Oireachtas Joint and Select Committees

Wednesday, 25 September 2019

Joint Oireachtas Committee on Climate Action

Carbon Tax: Discussion

Photo of Bríd SmithBríd Smith (Dublin South Central, People Before Profit Alliance) | Oireachtas source

The discussion is very interesting and I particularly welcome the evidence from the Society of St. Vincent de Paul and the ESRI. I want to go back to what Deputy Chambers said earlier about priority recommendation No. 3 from chapter 6, on which we worked long and hard hours to get agreement. The recommendation was that the Government would conduct a fuel poverty review. Will the witnesses please answer "Yes" or "No" as to whether the Departments have ignored that? Instead of obfuscating, as they did in response to the two or three parliamentary questions which I put down over the summer, please give the public a "Yes" or "No" answer on whether they had no intention of conducting a poverty review.

I then want to ask the witnesses about priority recommendation No. 4 from the same chapter. The recommendation was that the Department of Finance would commission an inquiry into the revenue that could be realised through the introduction of a carbon tax on the profits of corporations and firms directly linked to the production and sale of gas, oil, coal and other related fossil fuels. Has the Department any intention of conducting that inquiry to try to establish how it could ring-fence profits on industry for dealing with climate change?

Will the ESRI repeat the figures it gave us as to how energy poverty is measured when one moves from one band to another? I am fascinated by the figure which suggests that, depending on the criteria used, energy poverty among retired single people moves from a low percentage right up to 42.8%. That has been my experience as a Deputy. My clinic is packed every day with pensioners trying to access the grants I am told are available, such as the warmer homes scheme, retrofitting and all the rest, but it is not there for many pensioners who may be in receipt of a tiny occupation-related pension. It is not there for pensioners who are in receipt of fuel allowance but do not suffer from COPD or a lung-related disease. They may be crippled with arthritis, they may be going blind and be freezing cold all the time, but they are not getting any help and they are told not to even bother applying when it comes to schemes that are supposed to help them. They are worried about the increase in carbon tax and it incentivises them to say, "I would love to get new windows and solar panels, and get the house retrofitted", but they cannot access it. They do not have the €40,000 or €50,000 upfront to say, "There is my contribution to doing up my home, now give it back to me." It does not work like that. There is a cohort of middle Ireland caught in the middle. It includes, critically, the Traveller population, and the Traveller MABS carried out serious research into this. It also includes lone parents, pensioners and working people who are on low pay, which is most working people in this country.

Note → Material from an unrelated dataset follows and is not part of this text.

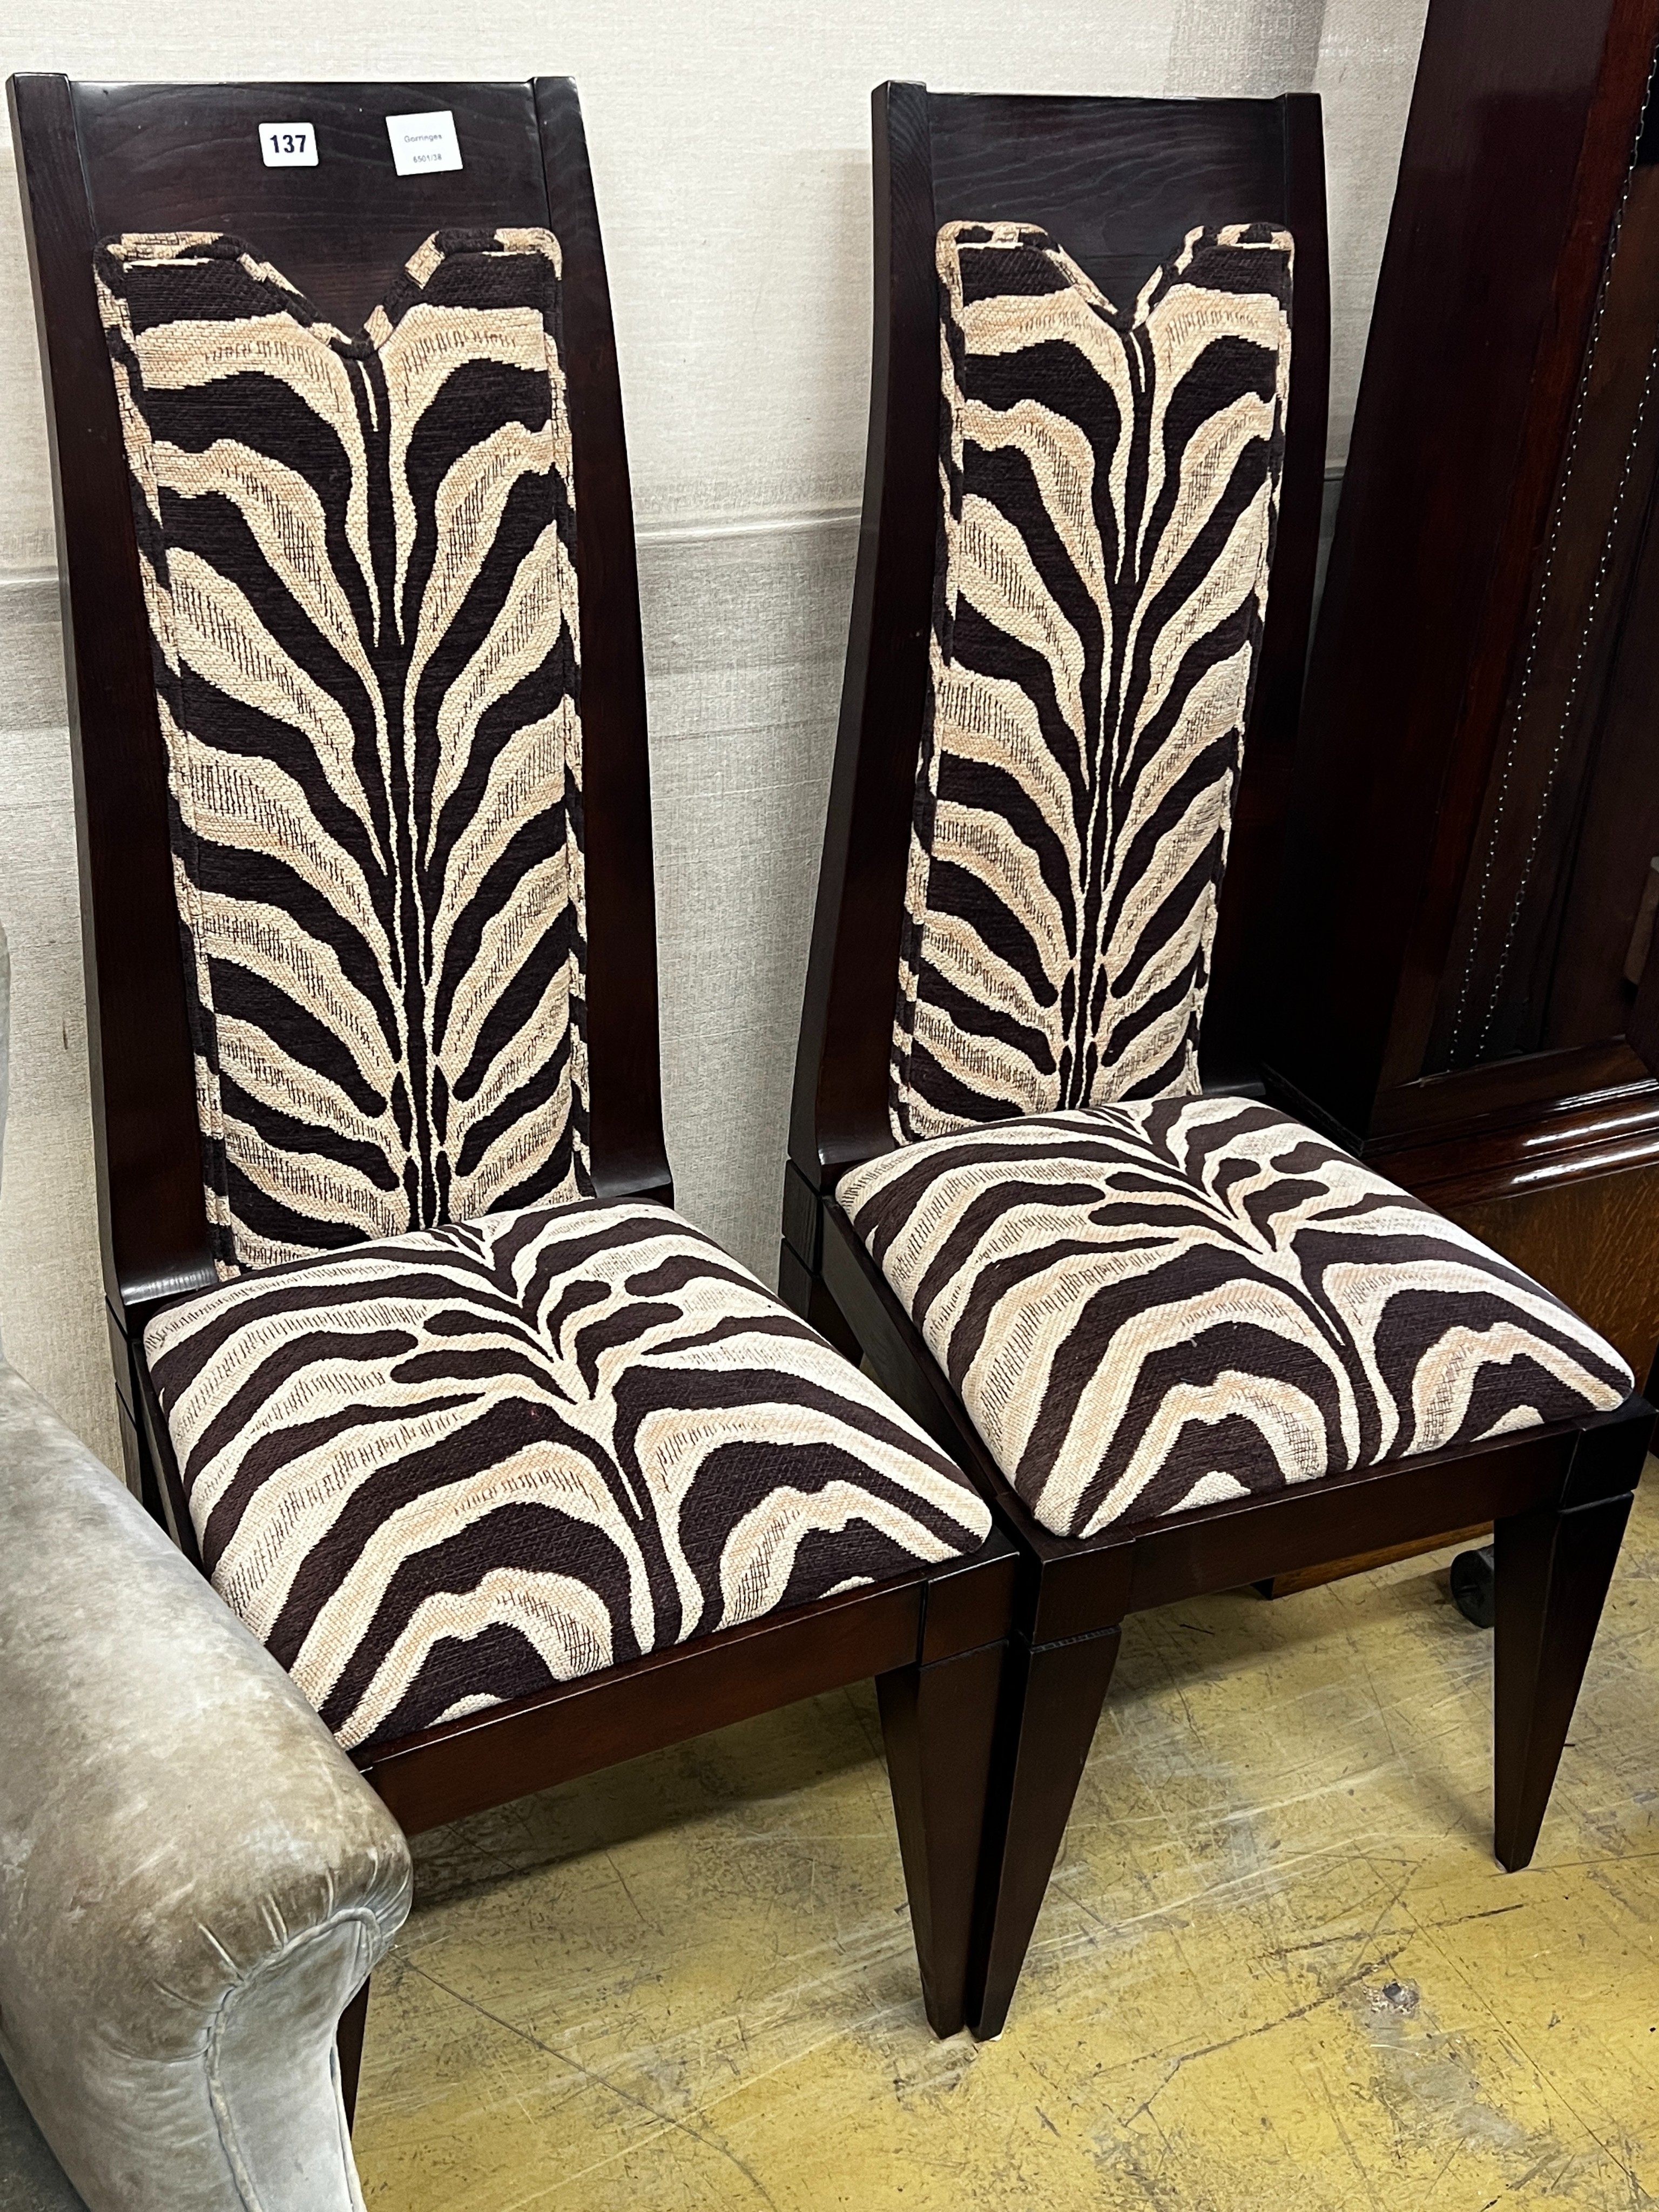 A pair of contemporary Mariner of Valencia zebra print fabric upolsterey side chairs

We are witnessing a farcical exercise where we are told by Mr. Gerry Kenny that his job is to raise revenue through indirect taxation. We then hear from the others that there are no real facilities to help people who are going to be impacted by this carbon tax. I would remind the committee members that the vast majority of this committee recommended a carbon tax.

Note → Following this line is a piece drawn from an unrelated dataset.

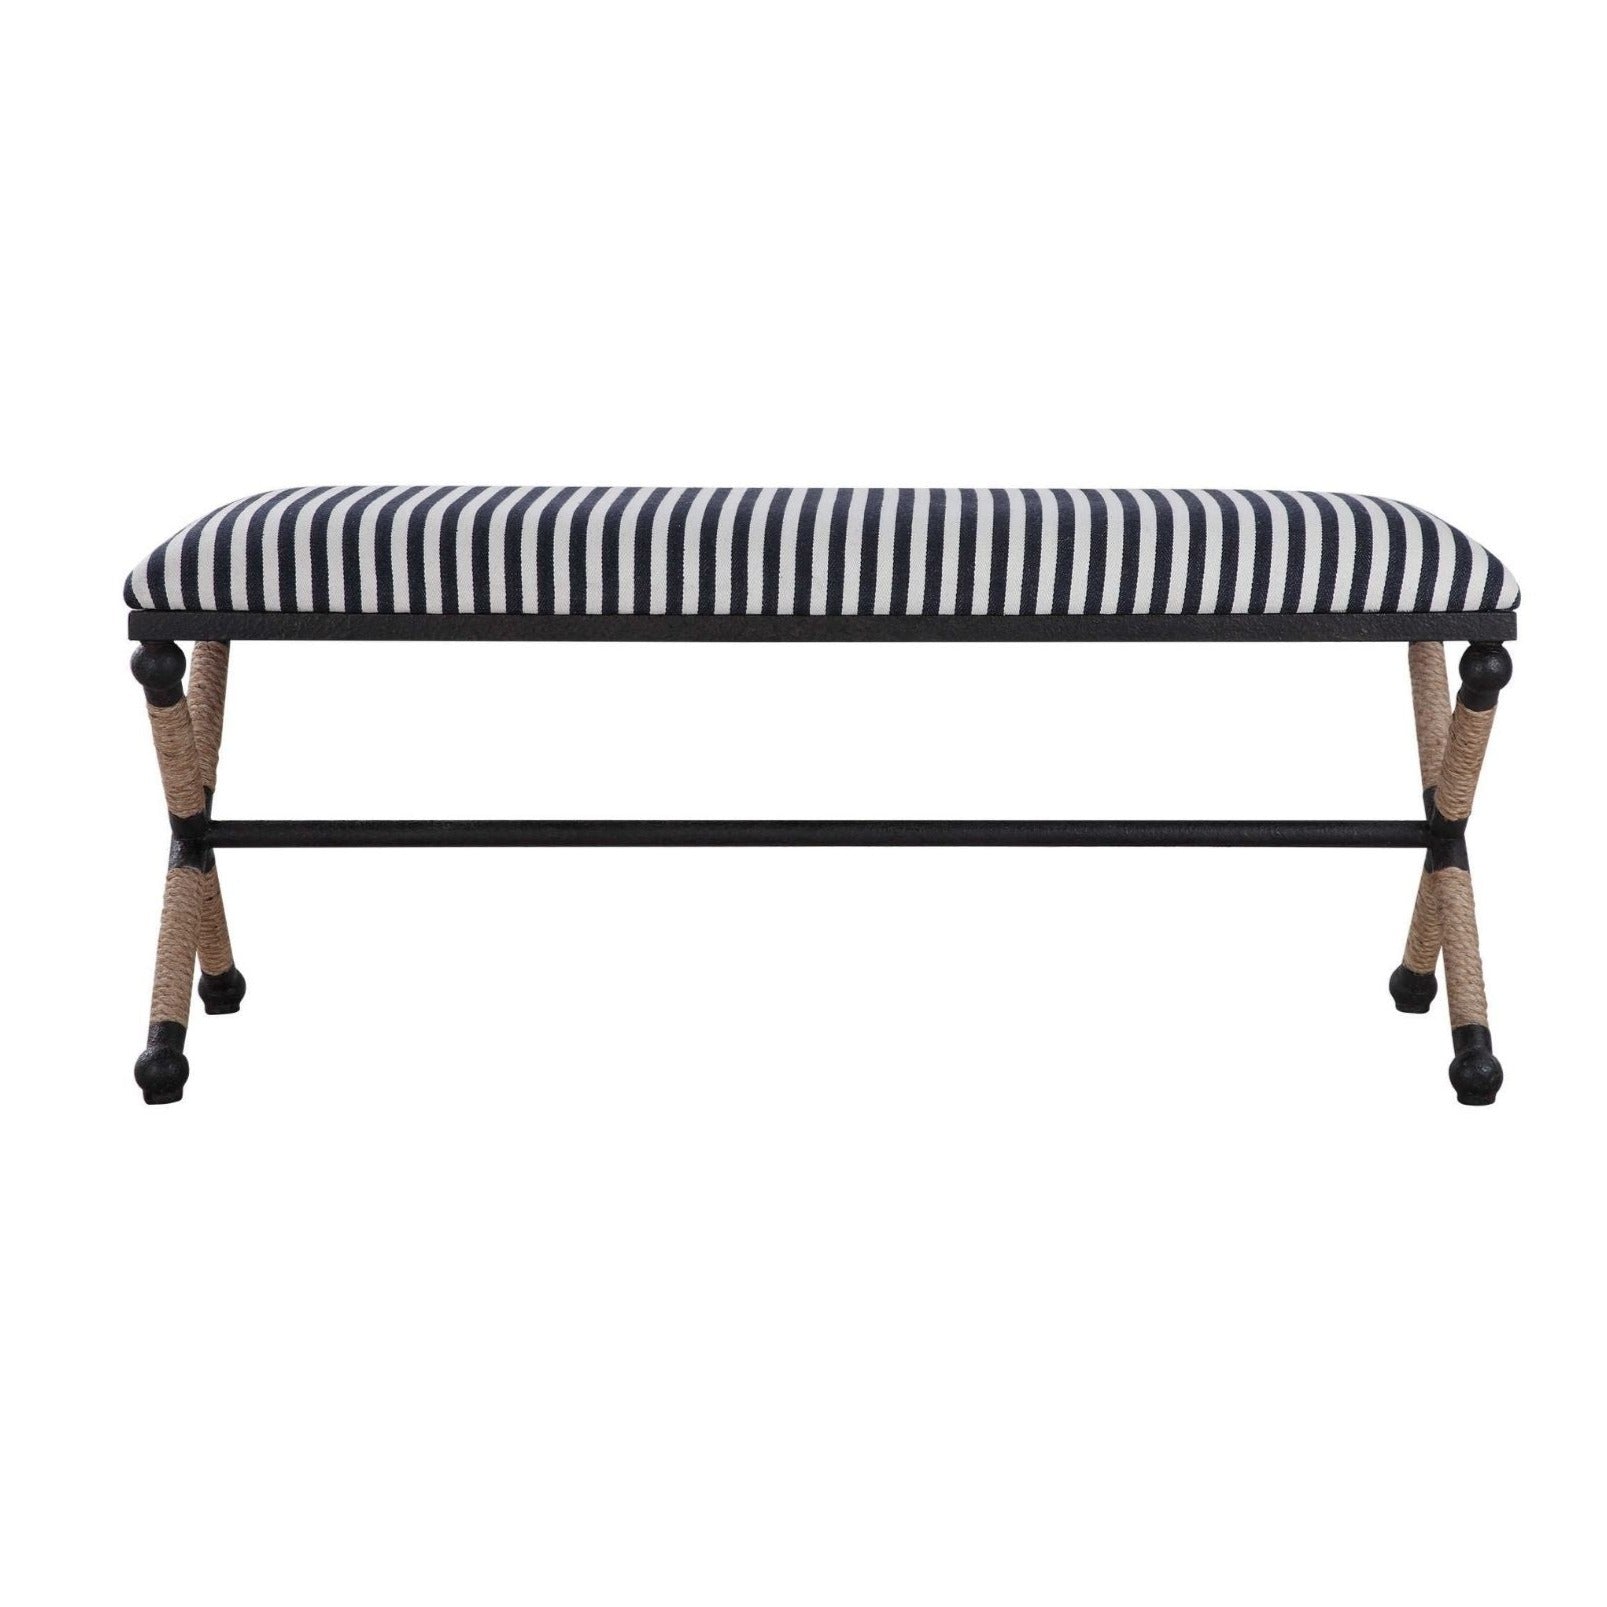 A bench with rustic iron is accented by a cushioned top, a sturdy sailor-striped cotton in crisp navy and cream.

I have a question for the Department of Finance. We do not know by how much the Minister will put up the carbon tax. Let us say he put it up by €5 per tonne. Am I right that this would raise about €108 million? If he put it up by €10 per tonne, would that raise €216 million? How far does the Department seriously think that will go to help the most vulnerable people change their behaviour, improve their lives and get them out of fuel poverty? Will the Department please undertake that exercise which priority recommendation No. 4 asked it to do, and look at how we can tax the profits of the fossil fuel and related industries, and ring-fence that tax so they do not pass it on to the poor again, and instead use it to undo the damage they have done to the climate and to the planet?